WASHINGTON, May 12, 2016 - USDA’s proposed rule to overhaul retailer requirements for its Supplemental Nutrition Assistance Program took a beating today by both Republicans and Democrats at a House Agriculture Committee hearing.

Convenience store owners and industry representatives say the rule would force tens of thousands of retailers to stop accepting SNAP, and lawmakers expressed outrage for much of the two-hour hearing.

Besides requiring retailers to greatly increase the amount of single-ingredient food like fruit, vegetables and meat they offer, the proposed rule would also ban stores from the program if more than 15 percent of what they sell is “cooked or heated on-site before or after purchase.”

Chairman Mike Conaway, R-Texas, called the hearing the best example of a “bipartisan attack” on a government rule that he’d ever seen.
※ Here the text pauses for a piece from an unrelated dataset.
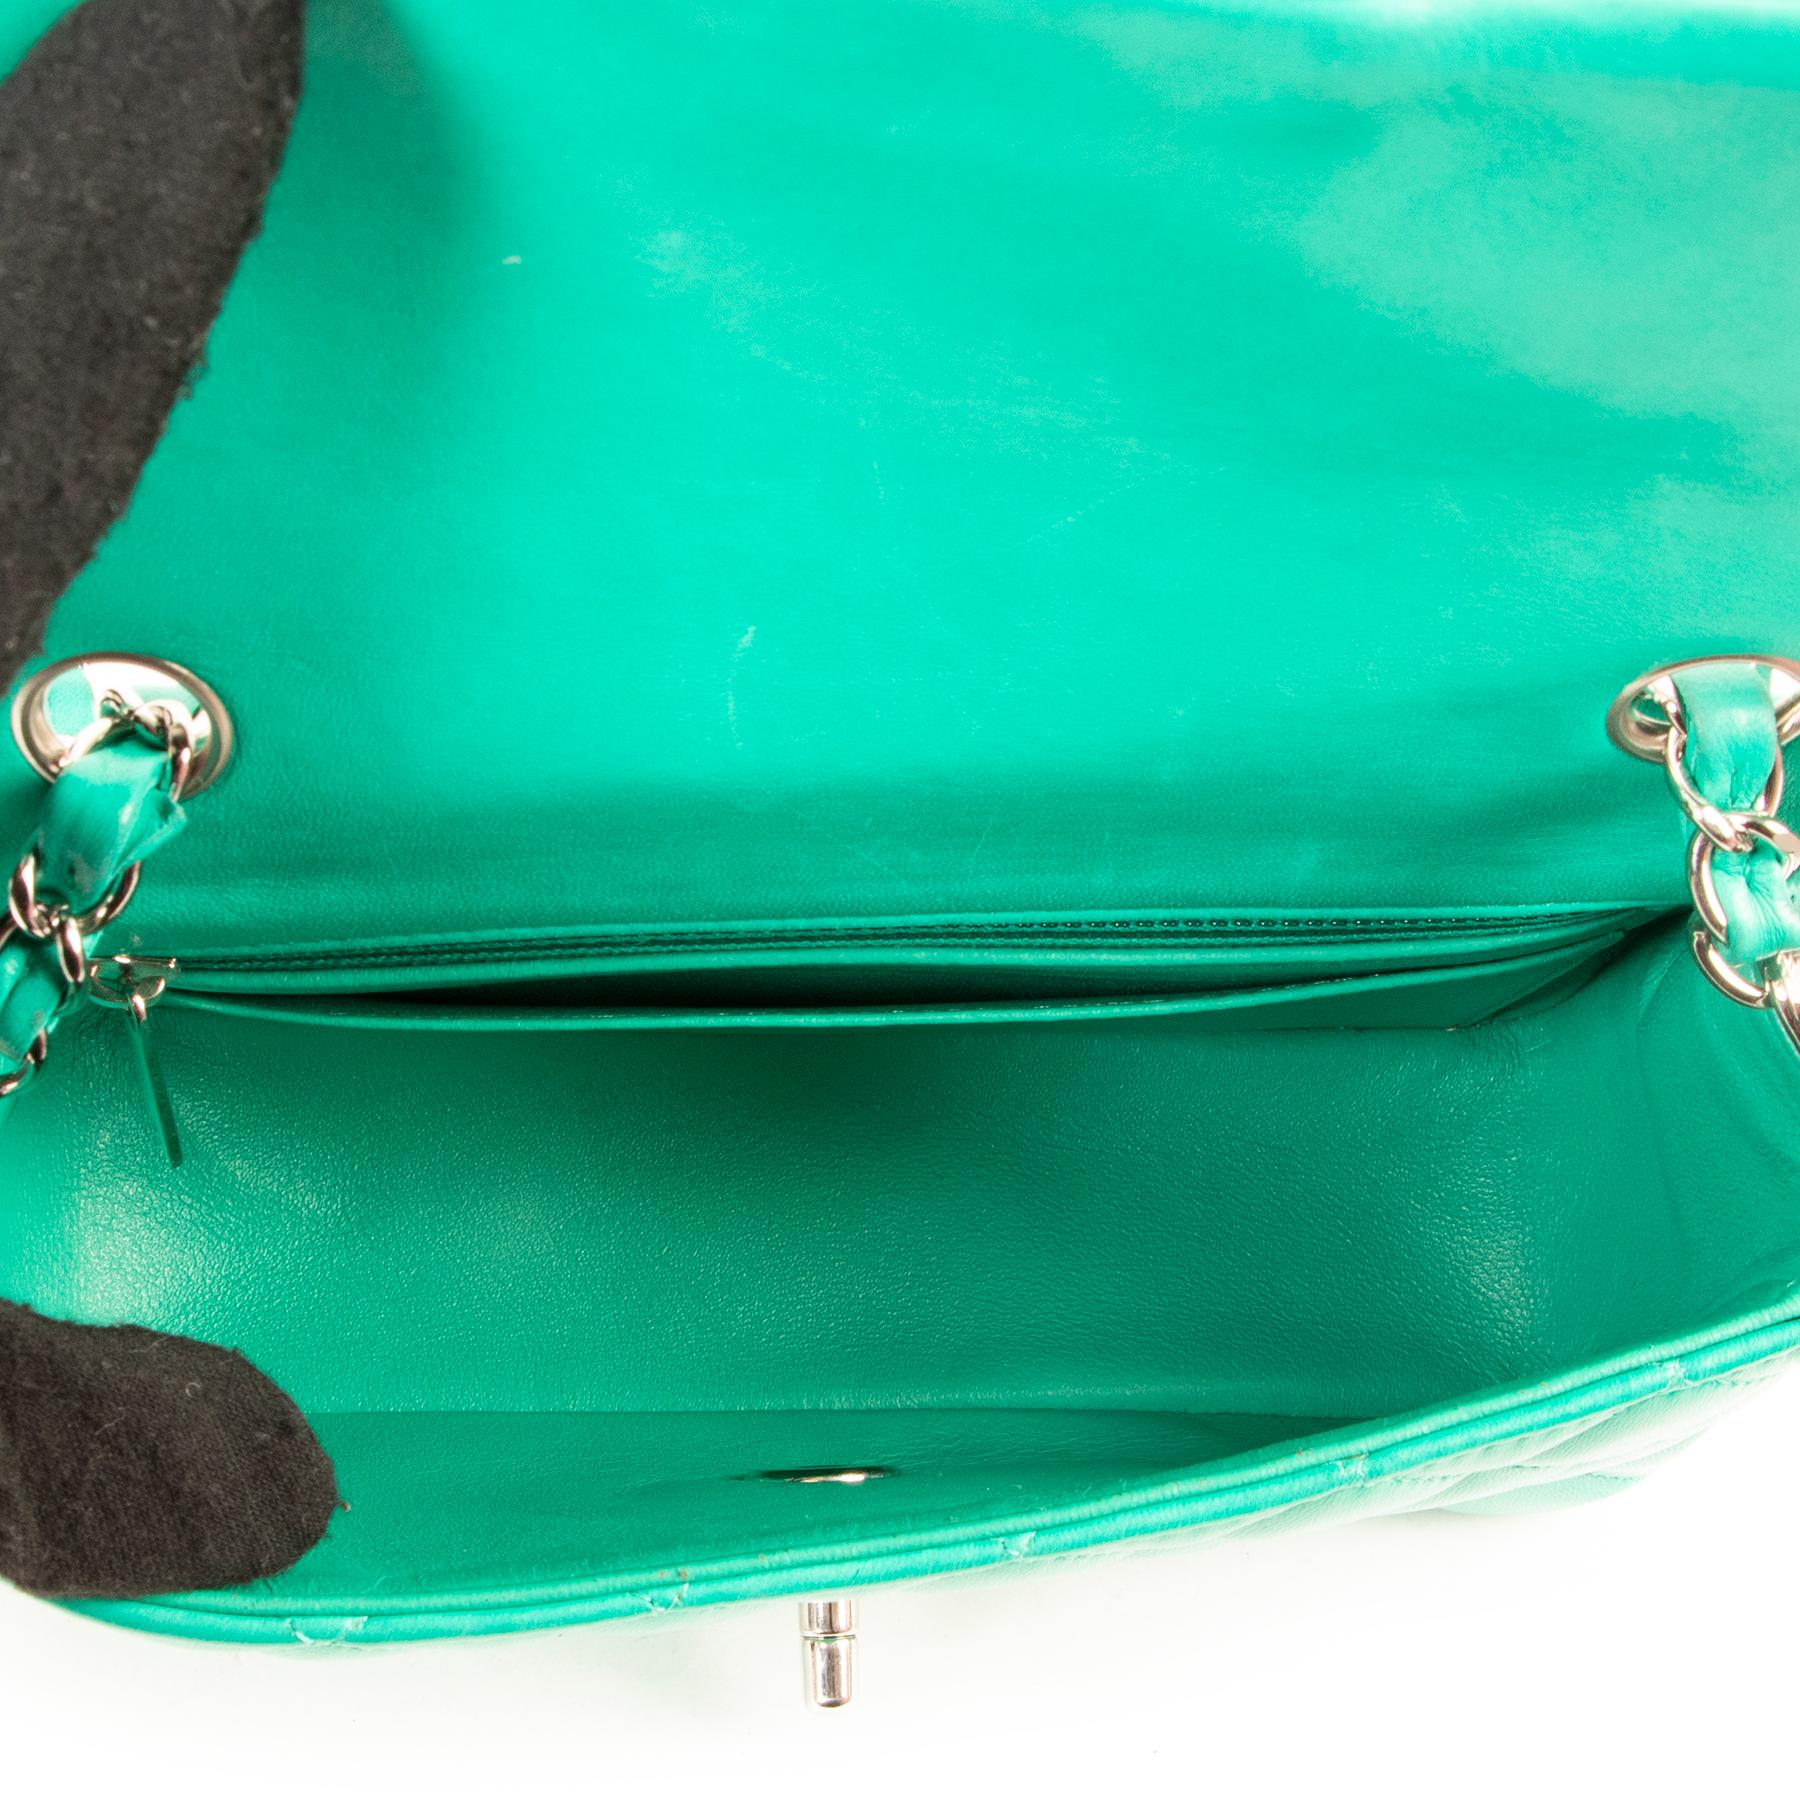 chanel green classic flap bag

Democrat David Scott of Georgia was one of the harshest critics of the rule, calling it offensive and arguing it discriminates against low-income people who live in rural regions and often rely on convenience stores to buy food.

Scott said USDA appears to want to drive small retailers out of participating in SNAP and asked the four witnesses – all representatives of the retail industry - if they knew why: “I’m just at odds trying to figure out why is the Department of Agriculture’s Food and Nutrition Service doing this,” Scott said.

None of the witnesses had an answer, but for the most part they agreed that the proposed rule, Enhancing Retailer Standards in the Supplemental Nutrition Assistance Program, would cripple the ability of convenience store to accept SNAP benefits.

Douglas Beech, legal counsel and director of government relations for Casey’s General Stores Inc., told the lawmakers that the proposed rule would push all 1,931 of his company’s stores out of SNAP.

The provision banning SNAP in locations where cooked food is sold would be insurmountable, Beech said: “We’re the fifth or sixth largest pizza retailer in the country and so we would just have to drop the SNAP program. We would not drop our hot foods program. It’s just too integral to our business.”

Casey’s processes about 5.5 million SNAP transactions per year, he said, but that would completely stop if the USDA implemented the rule in its present form.

“Convenience stores like Casey’s are frequently the only source of many grocery items in these communities and the only location where SNAP recipients can redeem their benefits,” Beech said.

Even Rep. Jim McGovern, D-Mass. – normally a staunch defender of how USDA operates SNAP – was critical of the proposed rule.

“I sympathize with the goal of making healthier foods available and getting people to make better choices, but I think the way you deal with that is you increase the benefits,” McGovern said. “And I worry about this rule potentially limiting access to people who rely on SNAP to put food on the table and putting them in situations that can make hunger worse. I know that’s not the intention of the USDA, but I think this is why we need to talk about this more.”

Conaway agreed that it was not USDA’s intention to make it more difficult for SNAP users to obtain the groceries from outlets that many depend on, and ended the hearing by stressing that he hopes USDA will rewrite the rule.